Just as he said those words, the cloth on his hand tore and he slipped. For a moment, he hung upside down and backwards by his legs, looking Oliver and Celia right in the eyes. It was only for an instant, but his face showed a clear expression both kids knew well from gym class: embarrassment and terror.
A split second later, his legs slipped off the wire and he fell. Oliver watched as if in slow motion as the rope that attached him to Lama Norbu unwound and pulled tight. When the rope had run out, it snapped Oliver right off the wire too and he began to fall behind the monk. Last in the line, Celia watched as her brother fell and the rope connecting them began to pull. She screamed and hugged the wire as tightly as she could, with her arms and legs, vowing that she would not let go no matter how much it hurt.
“Pain is an illusion,” she muttered to herself as the full weight of the monk and her brother hung off of her by a gnarly old rope. “An illusion. An illusion. An illusion.”
Her grip on the wire was all that stood between the Navel Twins and certain death. She squeezed her eyes shut and held on for dear life against the strain. The wire continued to sway in the wind and her whole body ached and burned against the weight.
“Oliver,” Lama Norbu called up, “you must climb back up to the wire. Use the rope and climb!”
“Hang on, Sis!” Oliver yelled as he reached one hand over the other and started to climb. Now it really was like gym class.
“Ahhhh!” Celia yelled as the shifting weight yanked her waist. She tried to clear her mind, to think about anything else. She started to list the television networks they'd have once they got cable: ʺABC, BET, CBS, FOX, HBO, NBC, TBS, TNT, USA, Cartoon Network, Soap Network, Reality Network, Reality Two, Reality Three, Food Network, All Sports, All Sports Except Fishing, The Fishing Network . . . Ahhhh!”
Oliver was halfway up to his sister when his arms slipped and he went skidding down the rope, burning his palms. He couldn't give up, though. He began again, one hand over the other.
His arms ached from lifting himself and Lama Norbu below him.

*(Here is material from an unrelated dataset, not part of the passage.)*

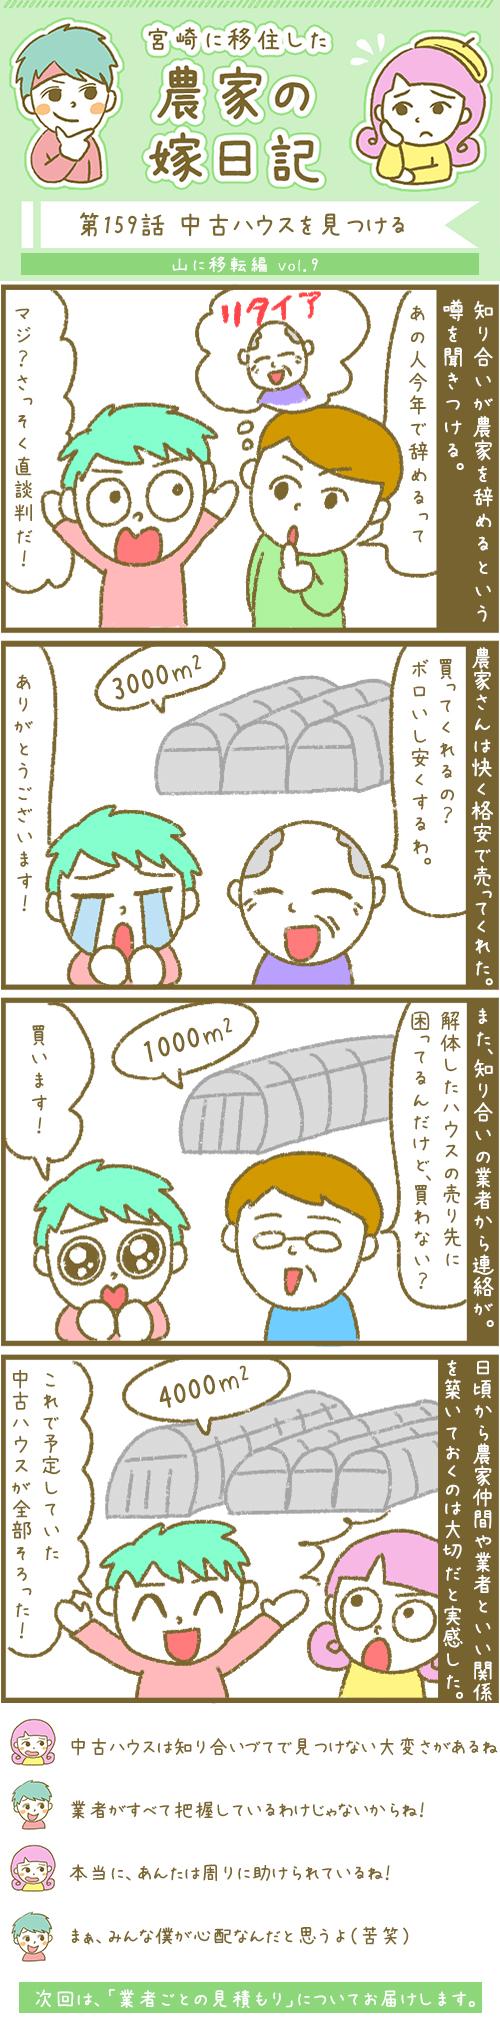 漫画第159話

Every muscle in his body strained and screamed at him, but he had to speed up. He didn't know how much longer his sister could hang on to the full weight of two people. Overhead, giant vultures had gathered, swirling through the warm air, hoping to catch a meal.
Celia thought of every television show she had ever seen; she imagined what was on right now; she tried to list her favorite actors in alphabetical order; tried to imagine Cory Brandt cheering her on. Anything to distract her from the pain. It wasn't working.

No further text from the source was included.